WHAT YOU SHOULD DO – Word for word, the data below must be repeated in full; no picture is to be included.

DATASET EXTRACT –
——————————

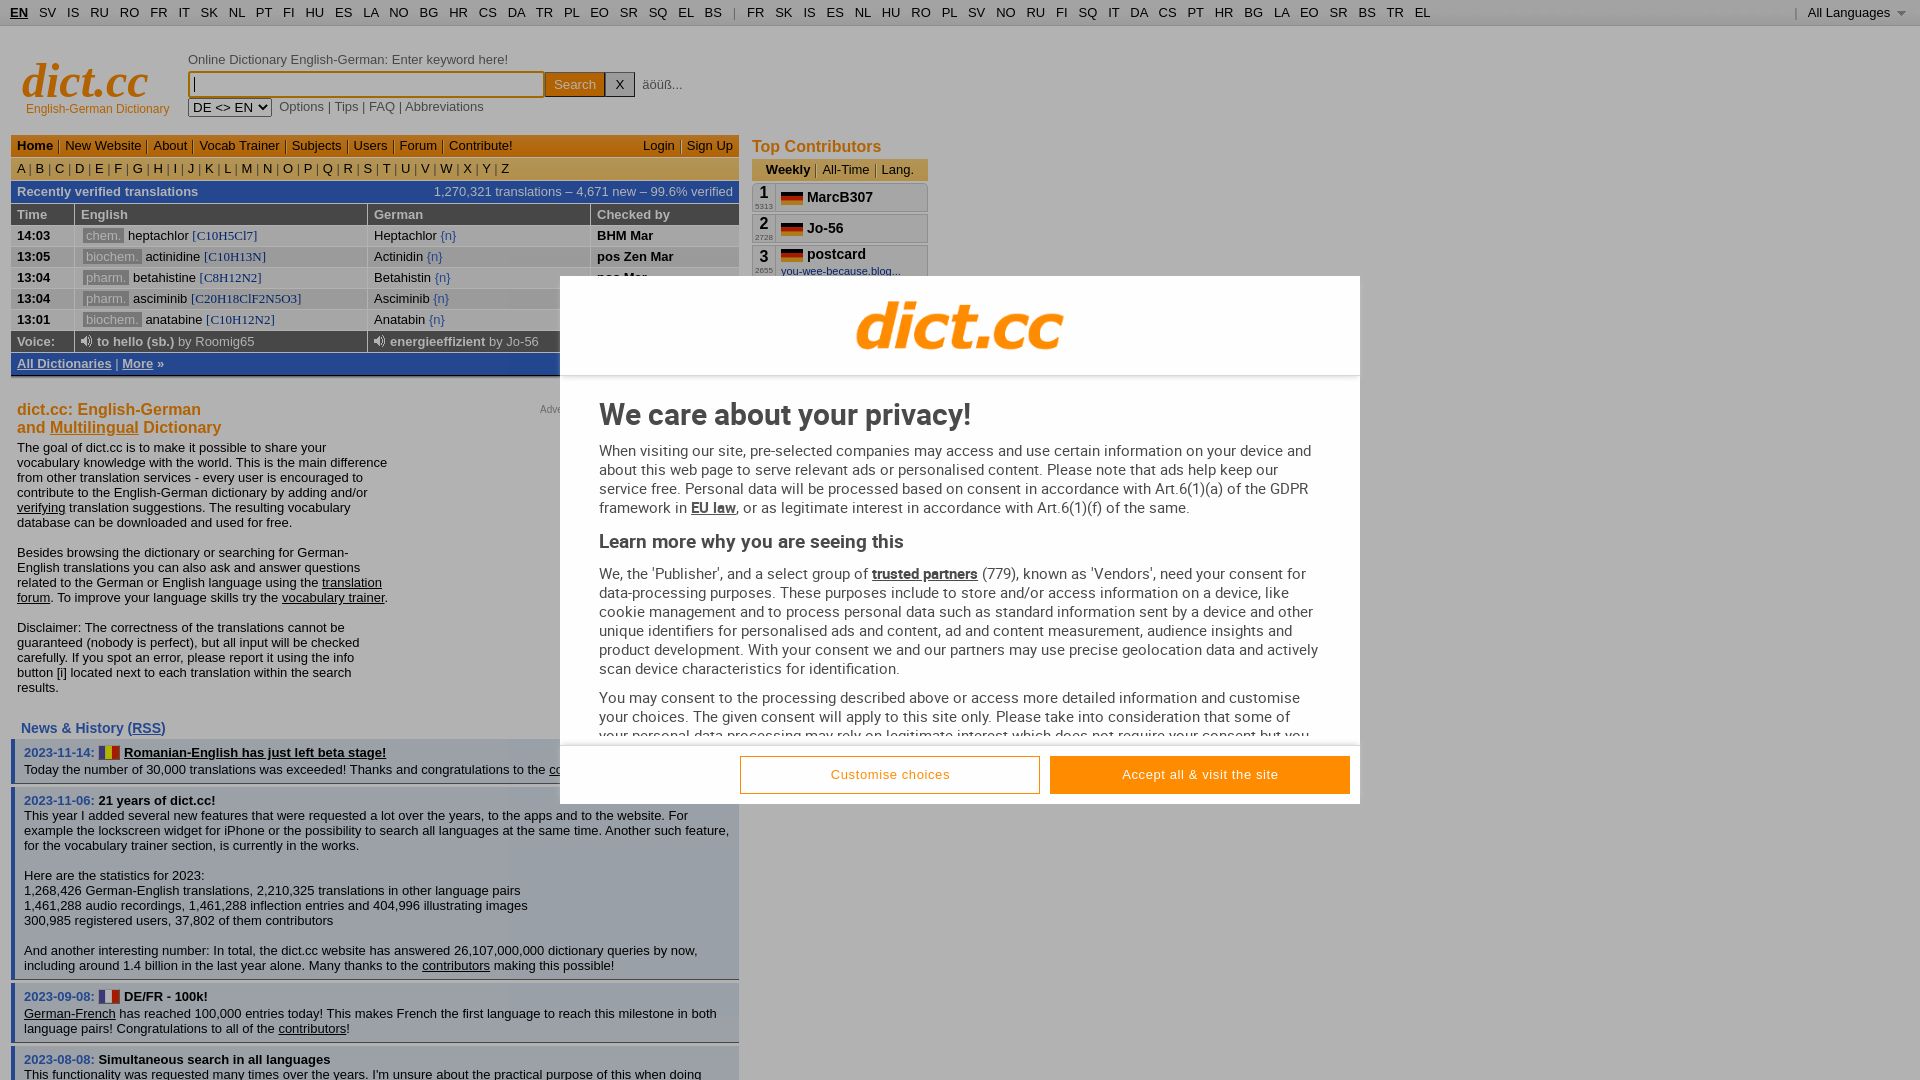 网站状态 dict.cc 是  在线的
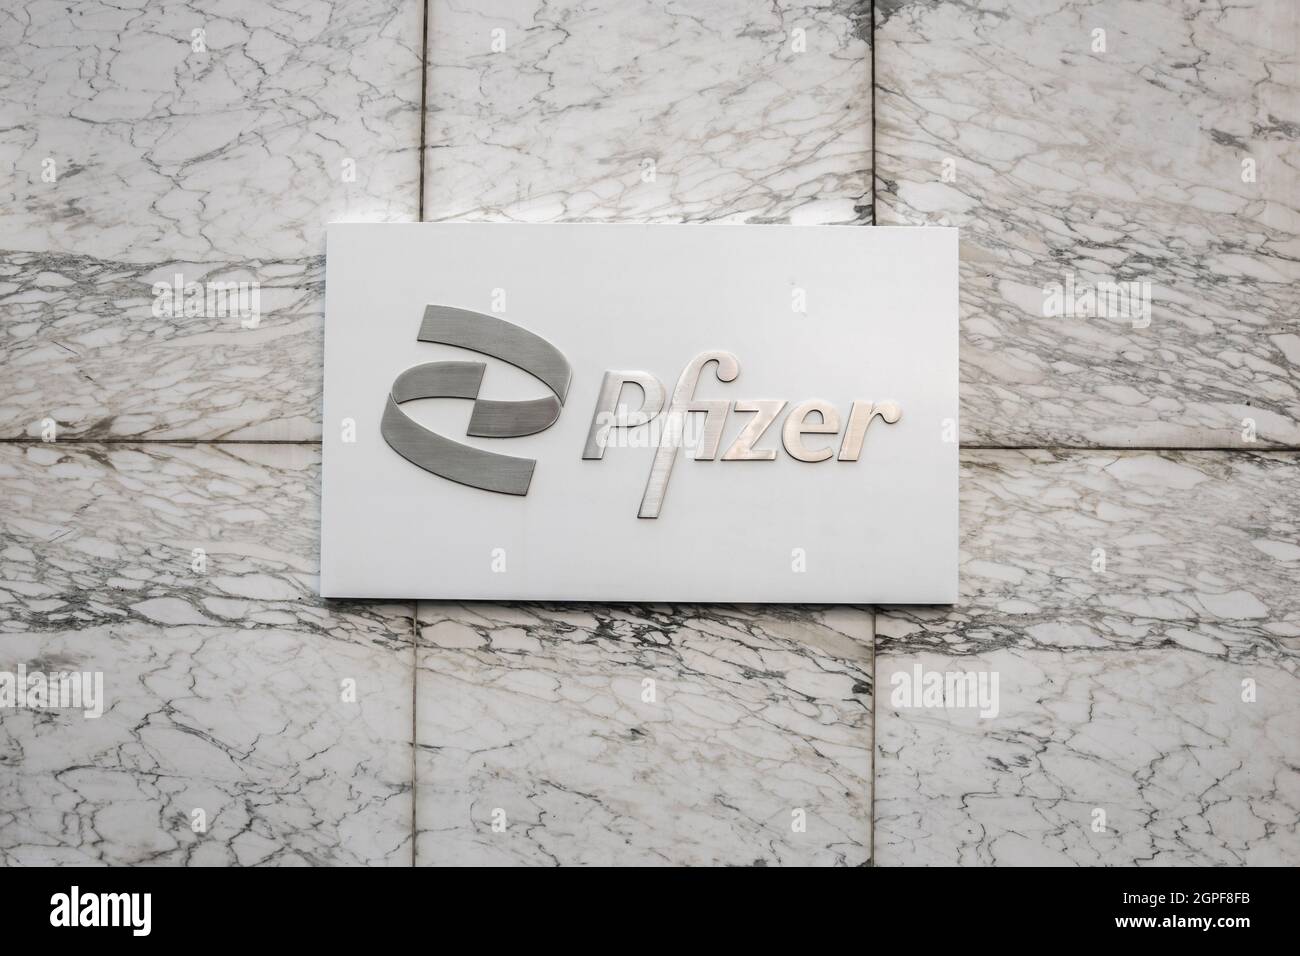 New York, NY, US - 24 août 2021 : bureau Pfizer à Manhattan. Pfizer est une société pharmaceutique multinationale américaine. Banque D'Images
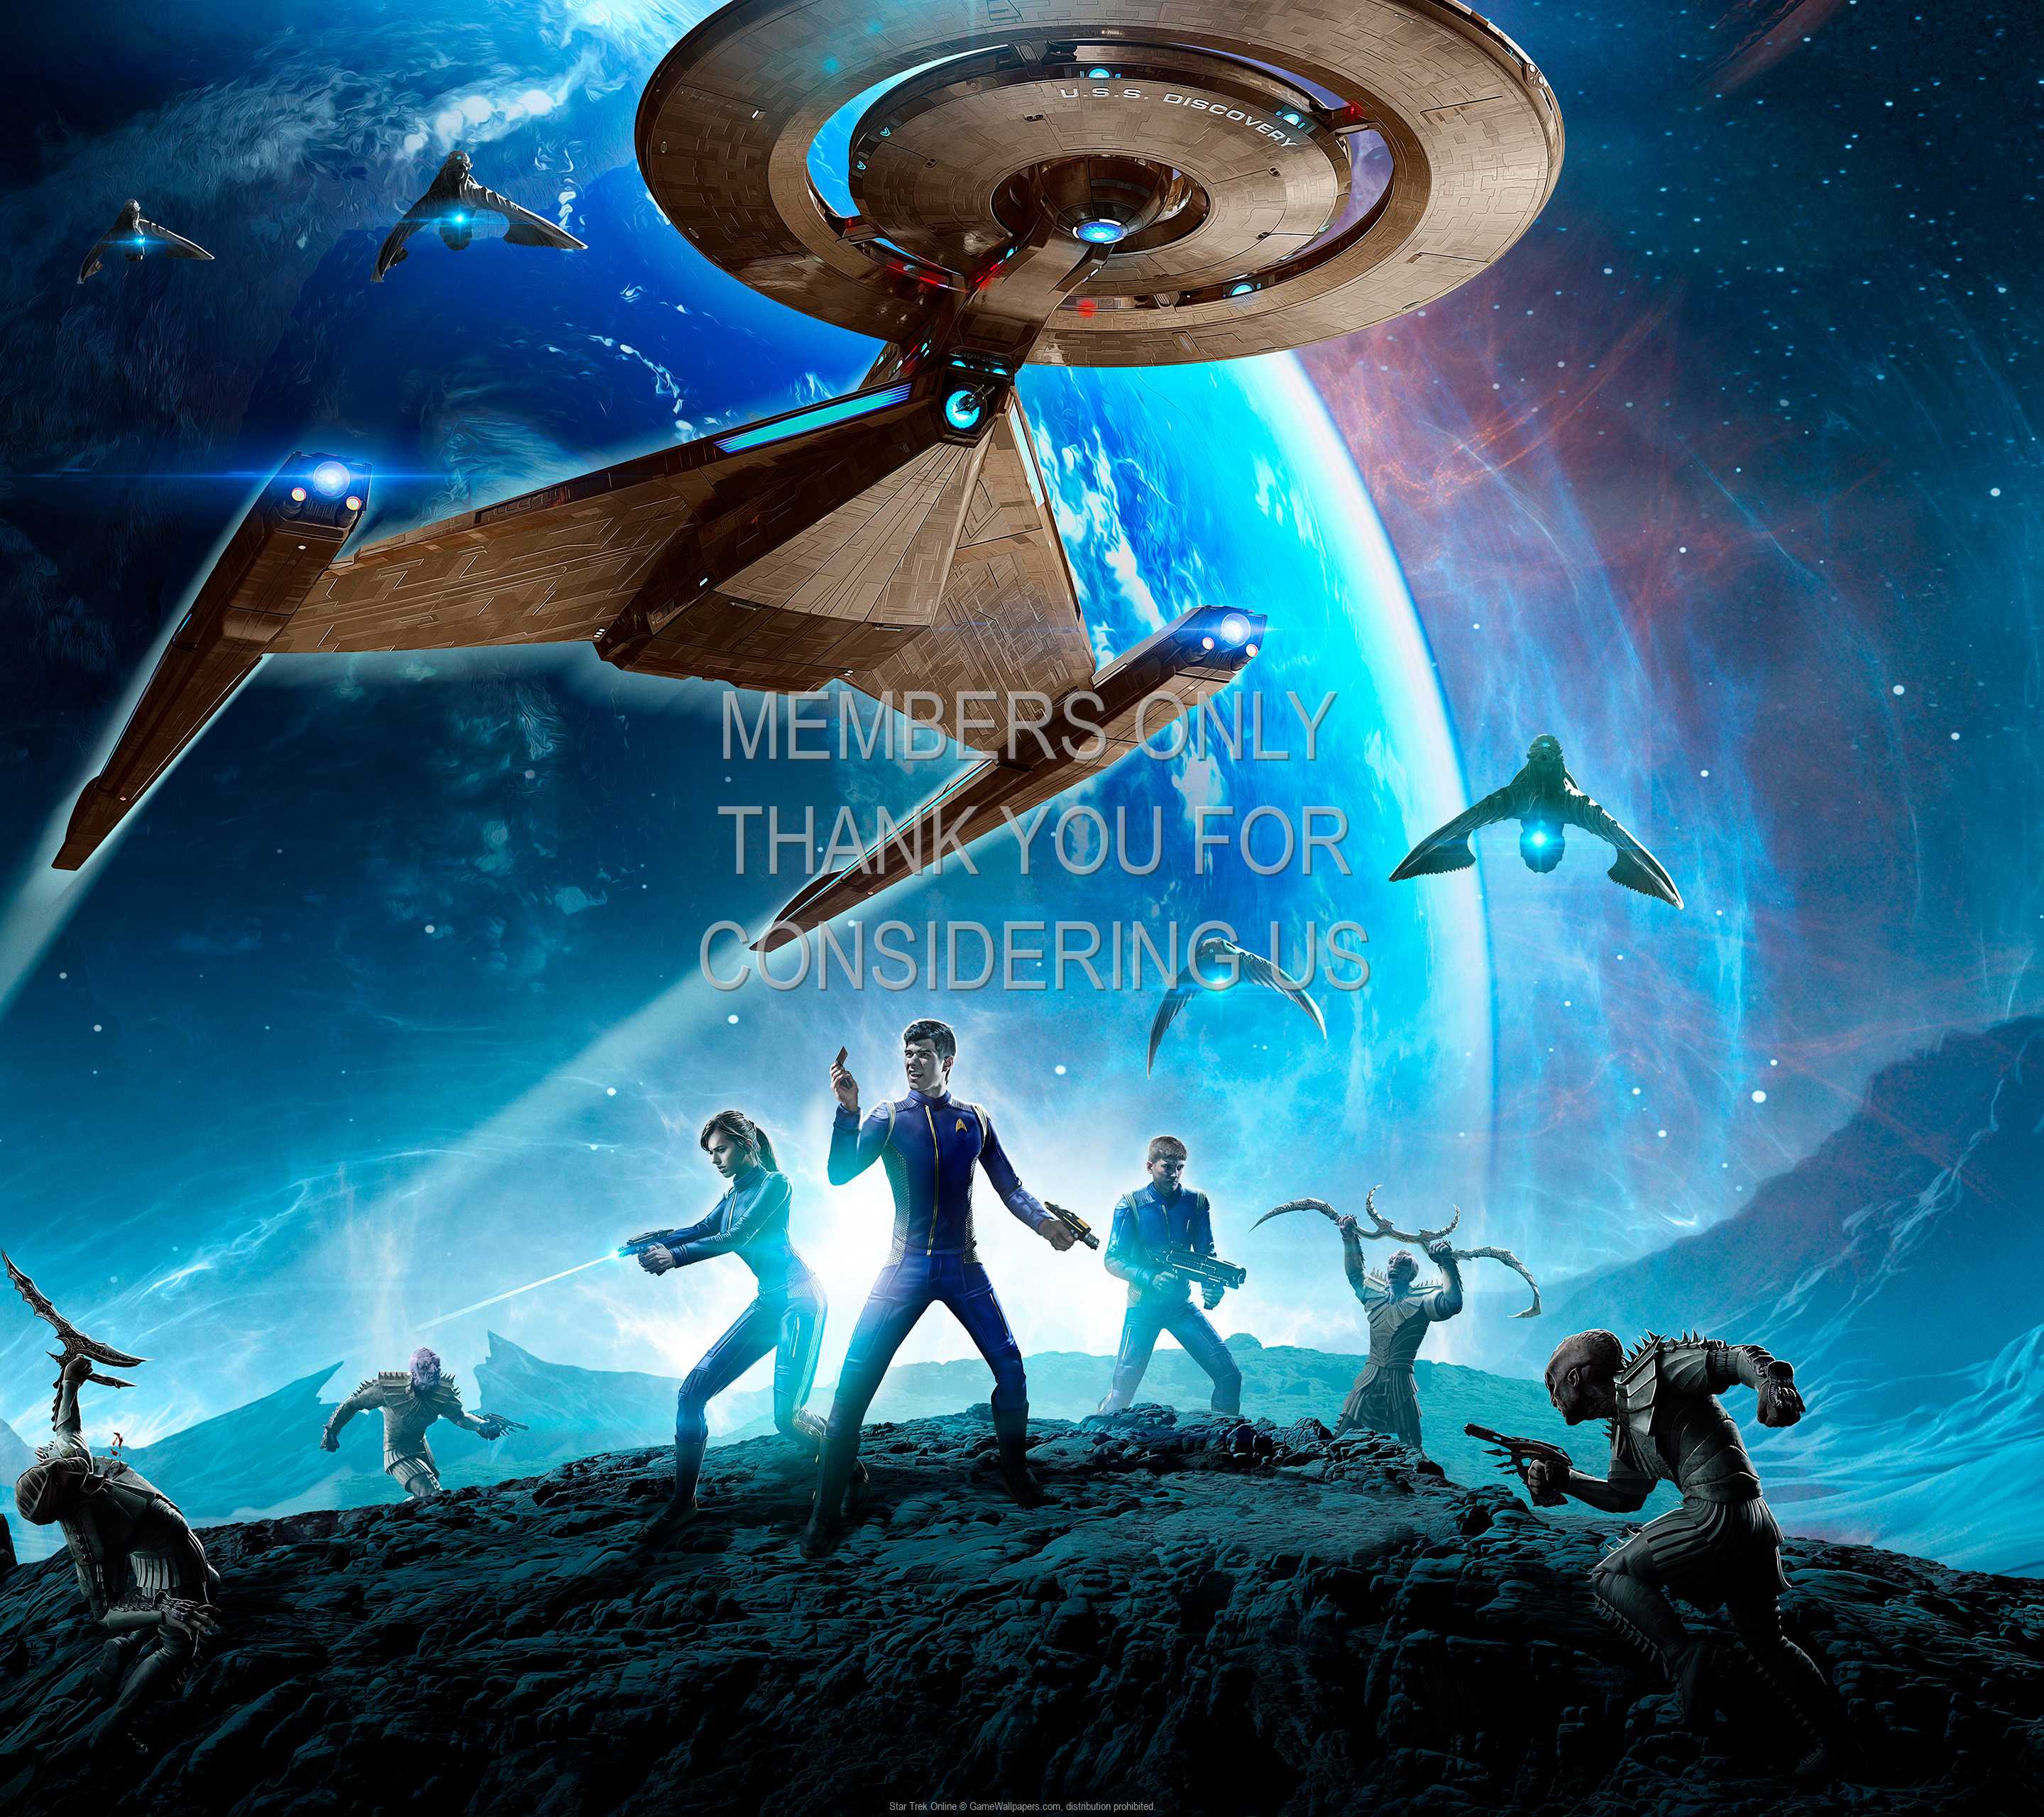 Star Trek Online 1440p Horizontal Mobile wallpaper or background 07

——————————

EXERCISE OUTPUT –
 网站状态 dict.cc 是  在线的
 New York, NY, US - 24 août 2021 : bureau Pfizer à Manhattan. Pfizer est une société pharmaceutique multinationale américaine. Banque D'Images
 Star Trek Online 1440p Horizontal Mobile wallpaper or background 07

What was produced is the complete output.